Reputation: 413
I have a file like this:
419 I 0.3529
420 S 0.3182
421 T 0.3740
422 Y 0.3872
423 I 0.3460
424 E 0.4409
425 S 0.3182
426 T 0.3740
427 Y 0.4141
428 I 0.3460
429 S 0.3131
430 Y 0.3838
431 T 0.3939
432 S 0.3101
and I am trying to make an Awk program to evaluate the third column for numbers greater than or equal to 0.4. If true, take 4 characters up and 4 down in that letter (second column). If there are multiple matches, I want one fixed-length string for each:
STYIESTYI
IESTYISYT
The first one comes because there is a match on the line numbered 424; the second is a (partially overlapping) match for the line numbered 427. How would I approach this?
Upvotes: 0
Views: 158
Reputation: 67467
awk
to the rescue!
$ awk '{a[NR]=$2; v[NR]=$3>0.4}
v[NR-4]{for(i=NR-8;i<=NR;i++)
printf "%s", a[i];
print ""}' file
STYIESTYI
IESTYISYT
If your file is big, a rolling window might be a better solution.
UPDATE: As per @Ed Morton's comment, the script always expects that there will be 4 trailing lines after a match.

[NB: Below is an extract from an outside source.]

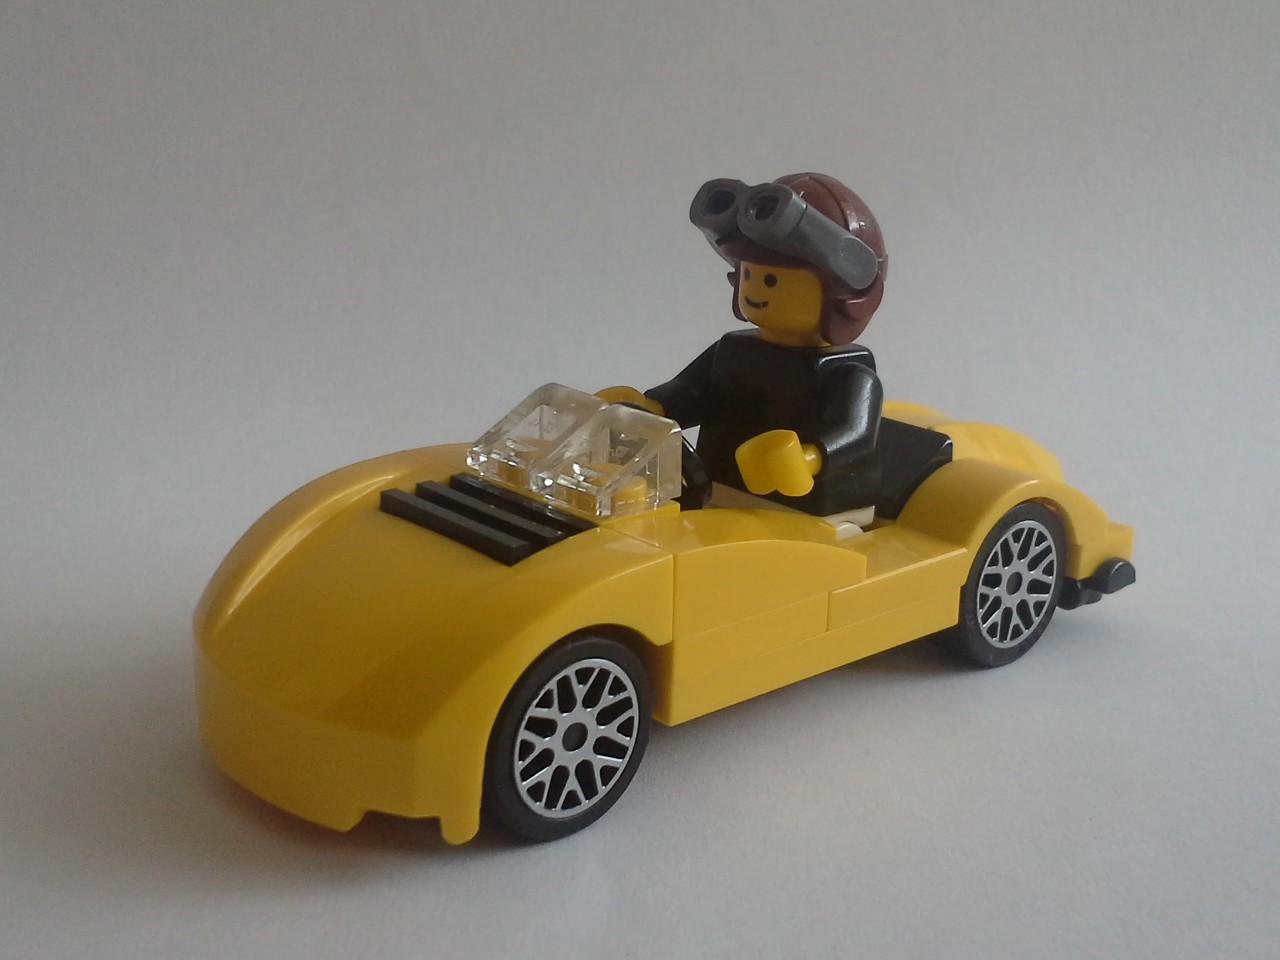 Long live the 4-stud wide [MOC] - LEGO Town - Eurobricks Forums
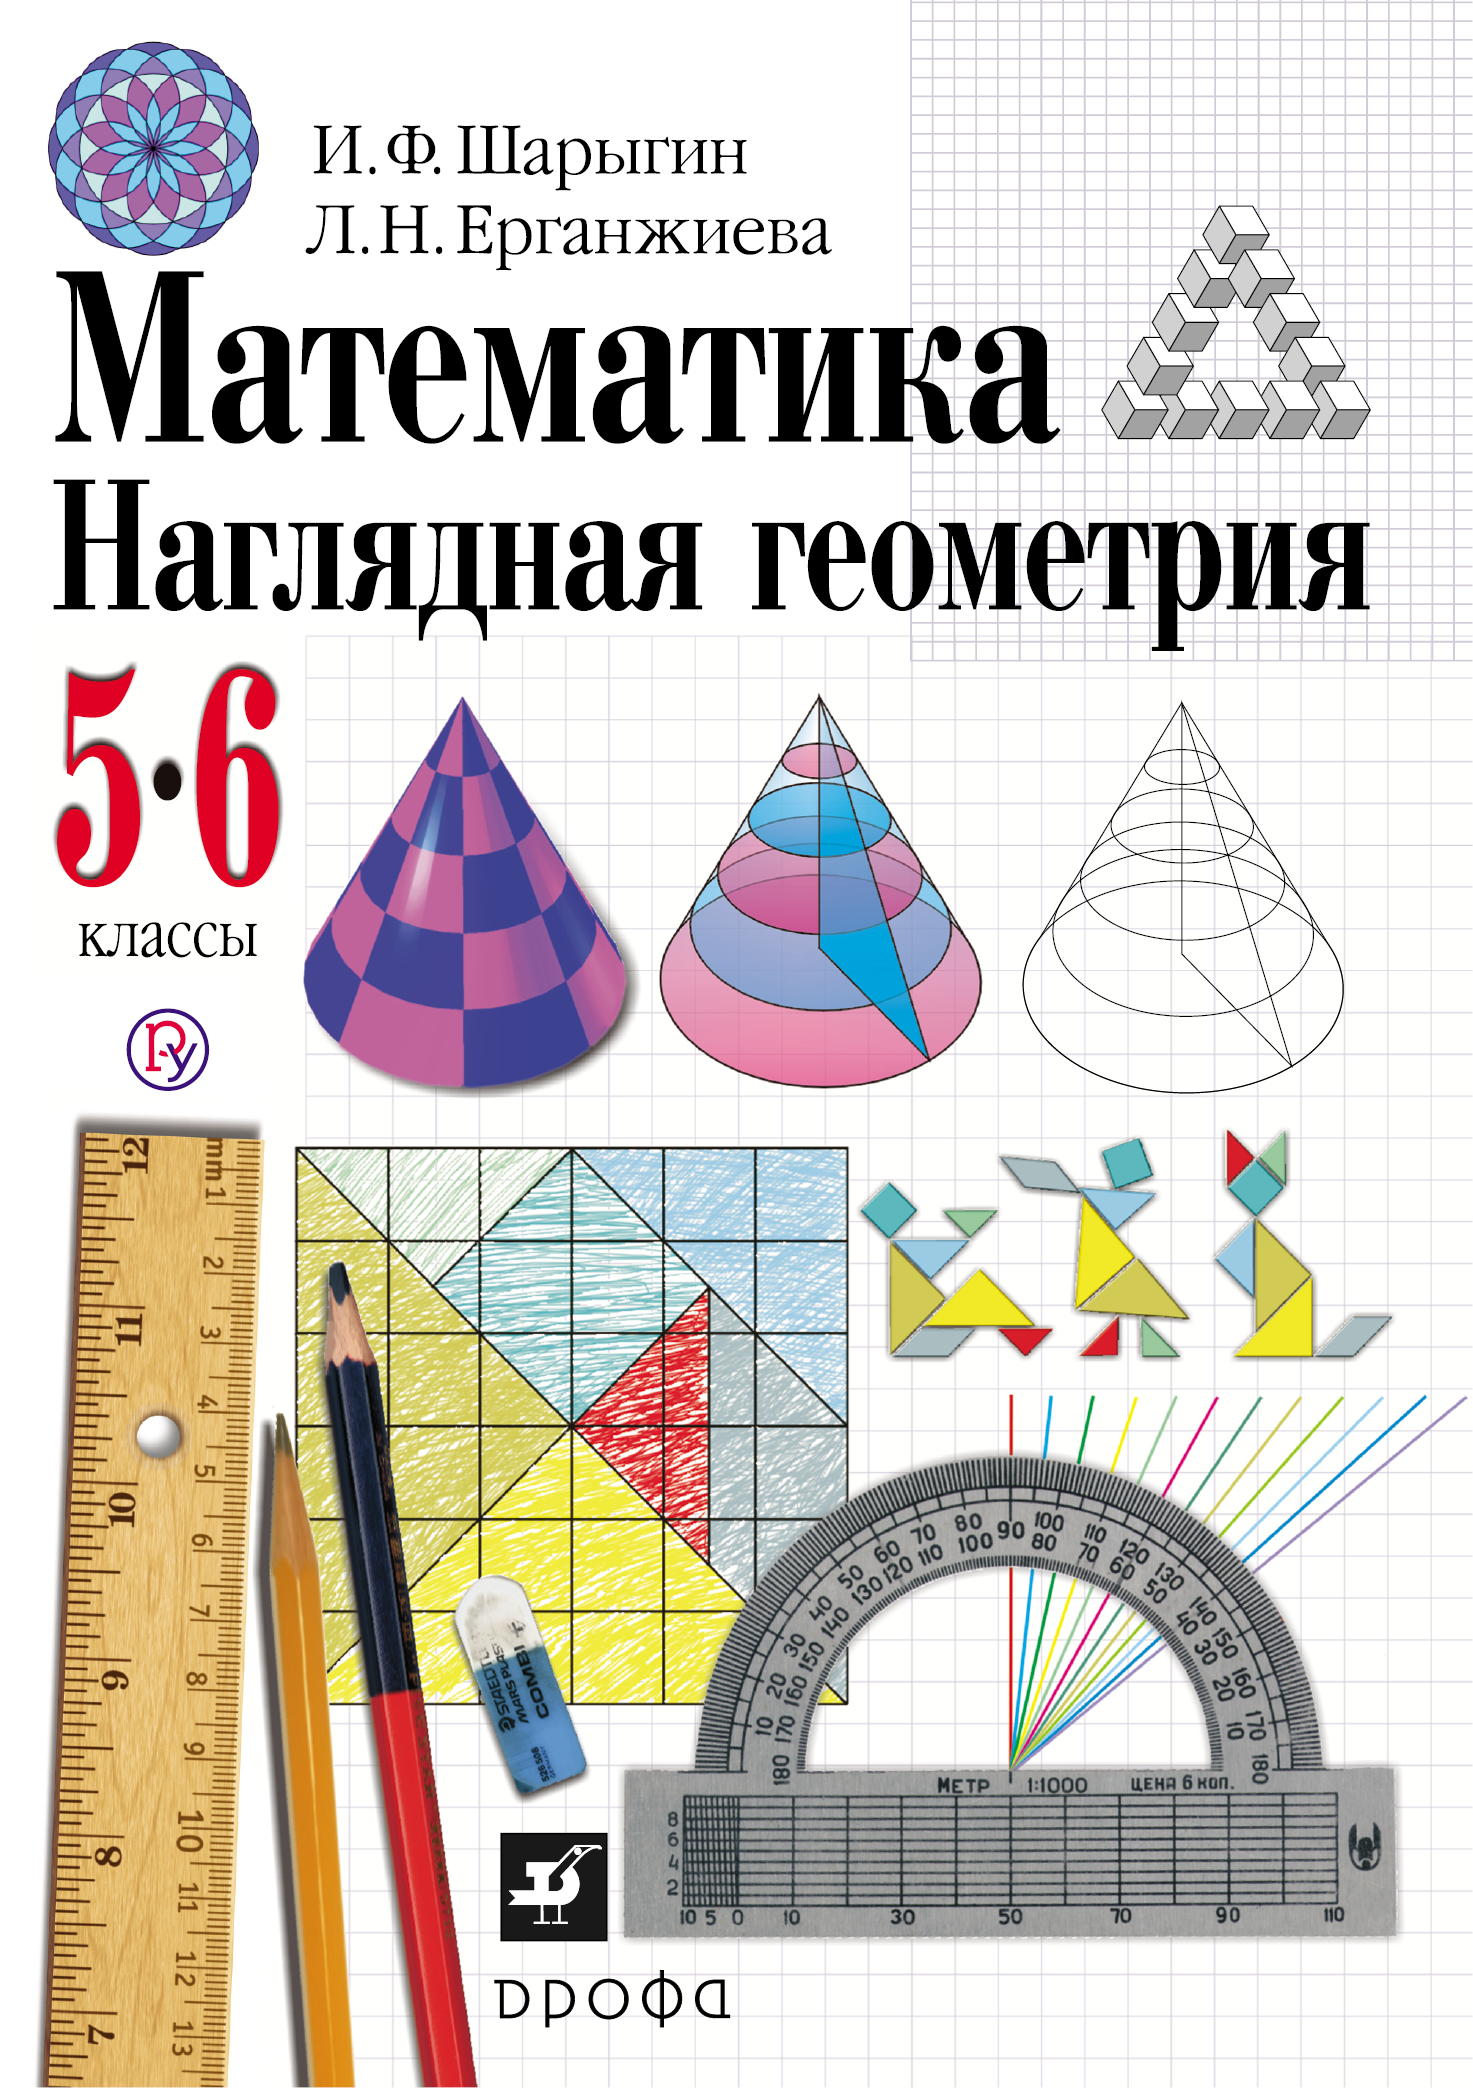 Онлайн гдз по геометрии 5-6 класс шарыгин ерганжиева

If not so, special END block need to be added to handle the dangling lines.
$ awk '{a[NR]=$2; v[NR]=$3>0.4}
v[NR-4]{for(i=NR-8;i<=NR;i++)
printf "%s", a[i];
print ""}
END{for(i=NR-3;i<=NR;i++)
if(v[i])
for(j=i-4;j<=i;j++)
printf "%s", a[j];
print ""}' file
Upvotes: 3
Reputation: 203219
$ cat tst.awk
BEGIN {
tgt = (tgt=="" ? 0.4 : tgt)
cxt = (cxt=="" ? 4 : cxt)
bef = (bef=="" ? cxt : bef)
aft = (aft=="" ? cxt : aft)
}
$3 >= tgt { hits[++numHits] = NR }
{ chars[NR] = $2 }
END {
for (hitNr=1; hitNr<=numHits; hitNr++) {
for (lineNr=(hits[hitNr]-bef); lineNr<=(hits[hitNr]+aft); lineNr++) {
printf "%s", (lineNr in chars ? chars[lineNr] : "")
}
print ""
}
}
$ awk -f tst.awk file
STYIESTYI
IESTYISYT
Note that this will behave sensibly if the line with the 3rd field >= 0.4 is closer than 4 lines to the start and/or end of the file - make sure to test those conditions with any potential answer as they are common rainy day cases for this type of problem that people providing potential solutions often forget to cover.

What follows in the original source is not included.